And Richard is well known to have adopted the White Boar as his personal device, as well as becoming somewhat inhuman and greedy for power. A similar heraldic reference occurs when the White Queen (Elizabeth Woodville) comes to resemble a sheep—it matches with a version of her husband, Edward IV’s arms.

In TLG, the White and Red Knights fight over Alice, as to whether she is the Red Knight’s prisoner or the White Knight has rescued her:¹⁰

‘I wonder, now, what the Rules of Battle are,’ [Alice] said to herself, as she watched the fight, timidly peeping out from her hiding-place: ‘one Rule seems to be, that if one Knight hits the other, he knocks him off his horse, and if he misses, he tumbles off himself […].’
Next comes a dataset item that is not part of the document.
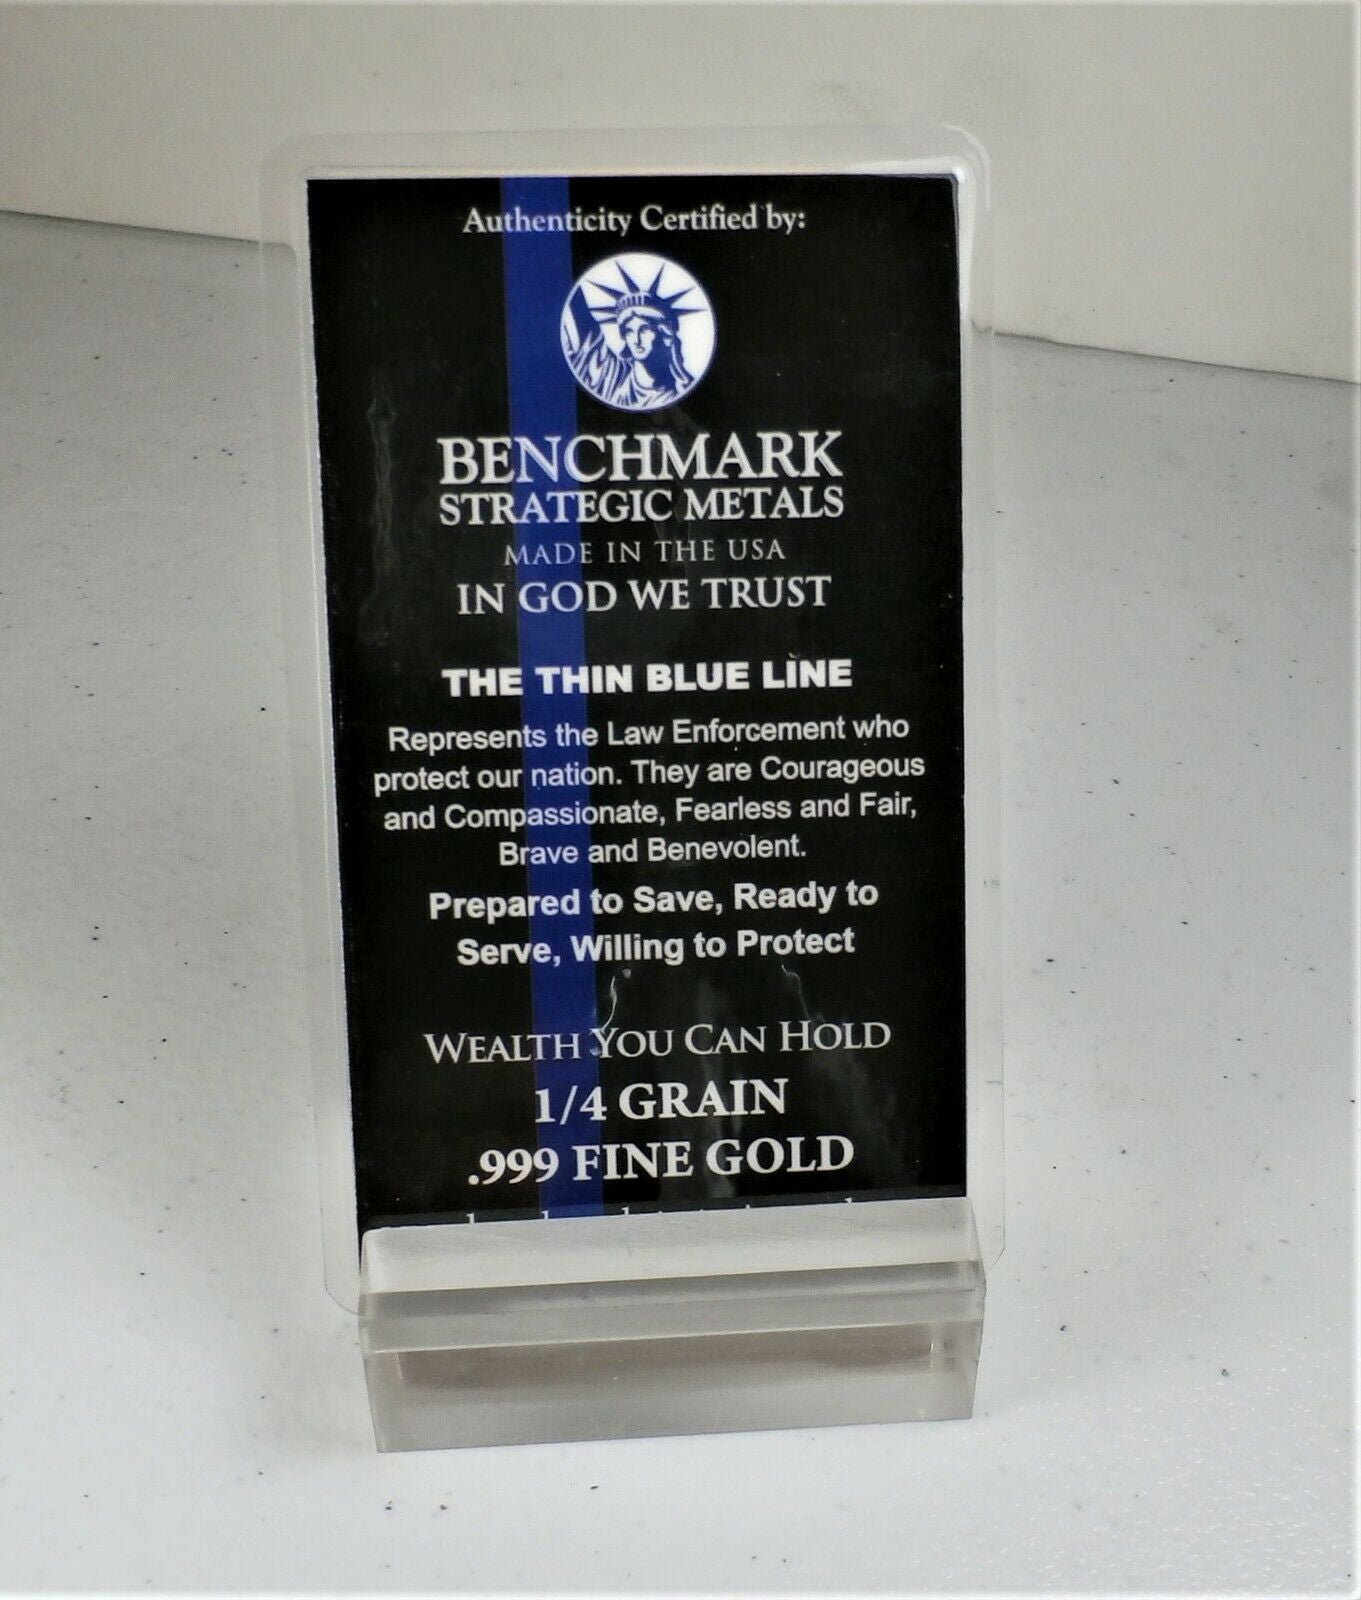 LOT 10 X 1/4 GRAIN .9999 FINE 24K GOLD BULLION BARS “THIN BLUE LINE LAW ENFORCEMENT” - IN COA CARD

This is a clear allusion to the many reversals that occurred during the Wars of the Roses. It is a comical, chessboard reflection of the Game of Thrones episode name-cum-tagline, “You Win or You Die”. The show, it has already been pointed out, is the Wars of the Roses with a thin veneer of fantasy fiction, with Starks for Yorks, and Lannisters for Lancasters, etc.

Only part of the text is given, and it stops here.